[Records for processing]:
##############################

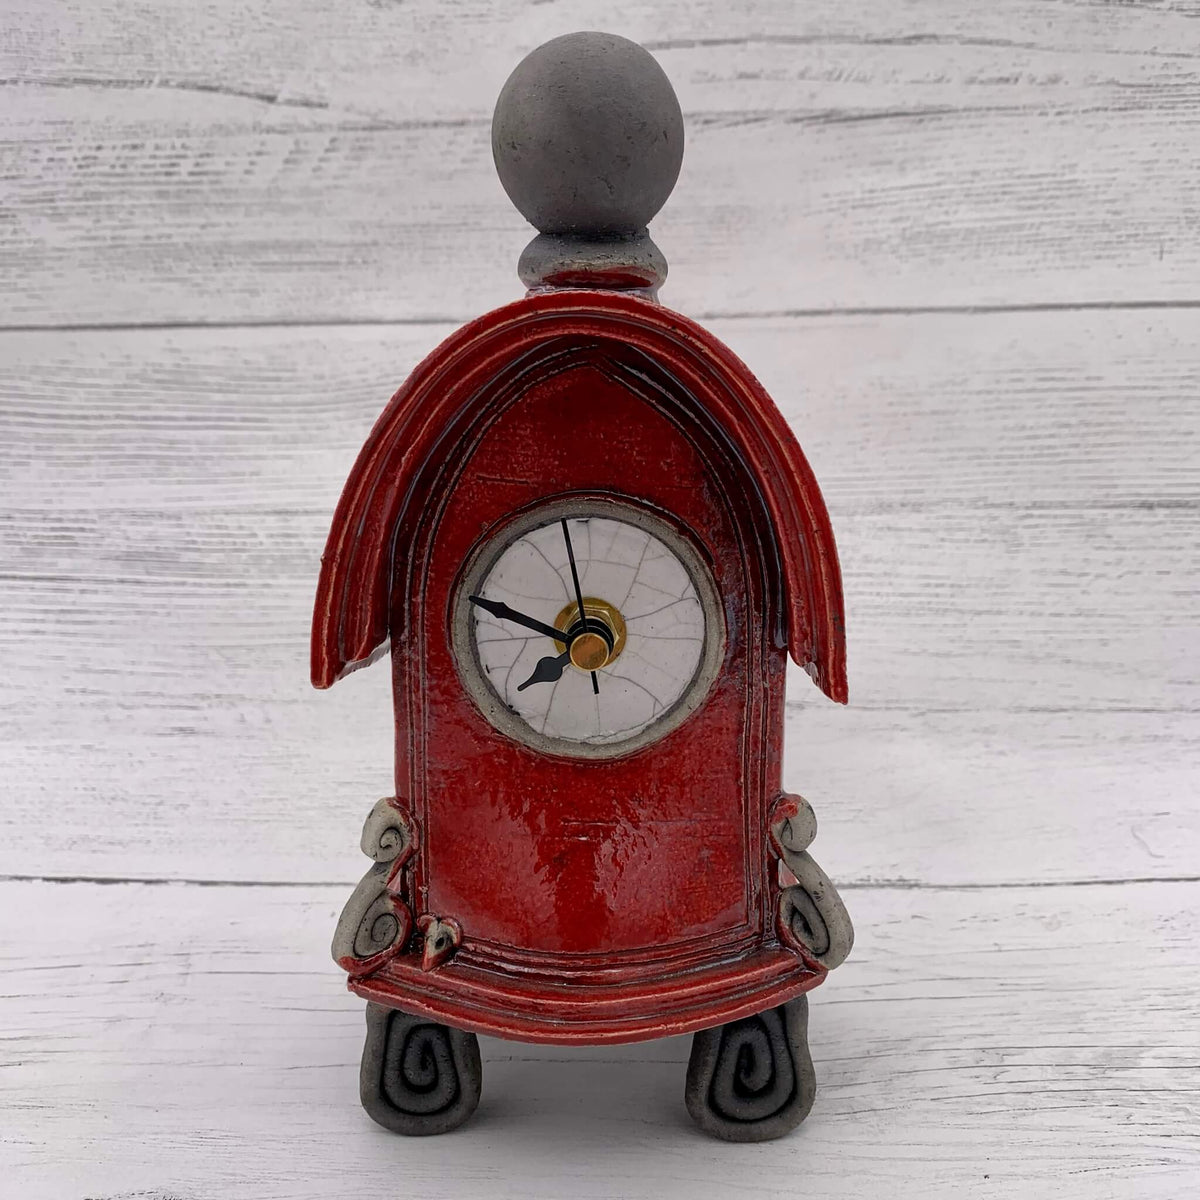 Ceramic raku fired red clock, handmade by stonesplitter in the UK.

##############################

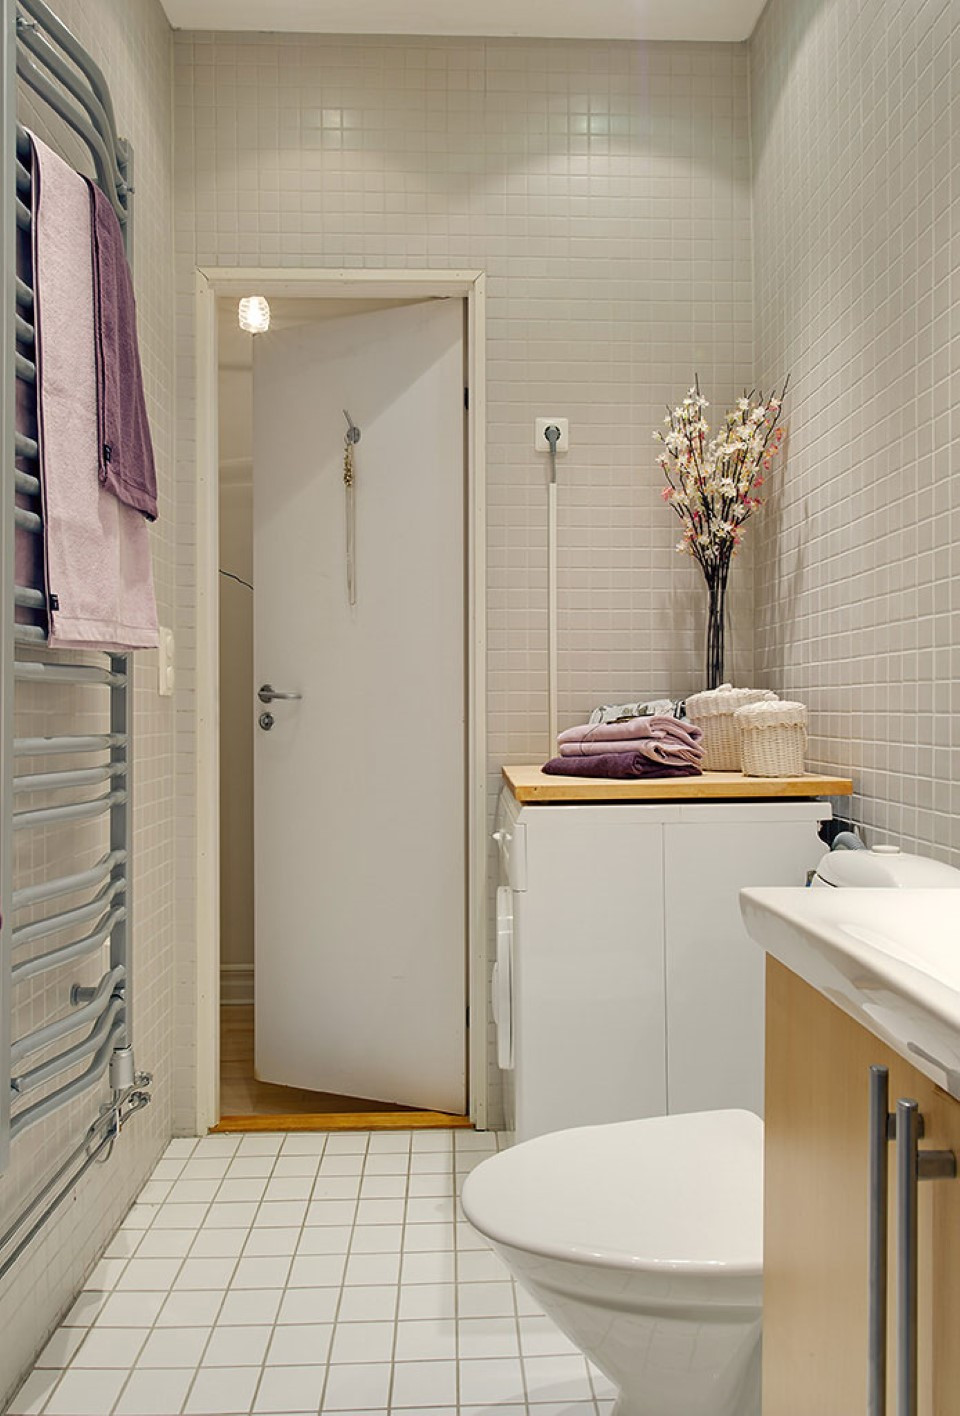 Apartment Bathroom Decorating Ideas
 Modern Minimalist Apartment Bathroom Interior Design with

##############################

[Problem statement]:
Above are some records. Output exactly the lines from the one that contains "Apartment Bathroom Decorating Ideas" to the one that contains "Modern Minimalist Apartment", keeping both, and omit the pictures.

[Finished task]:
 Apartment Bathroom Decorating Ideas
 Modern Minimalist Apartment Bathroom Interior Design with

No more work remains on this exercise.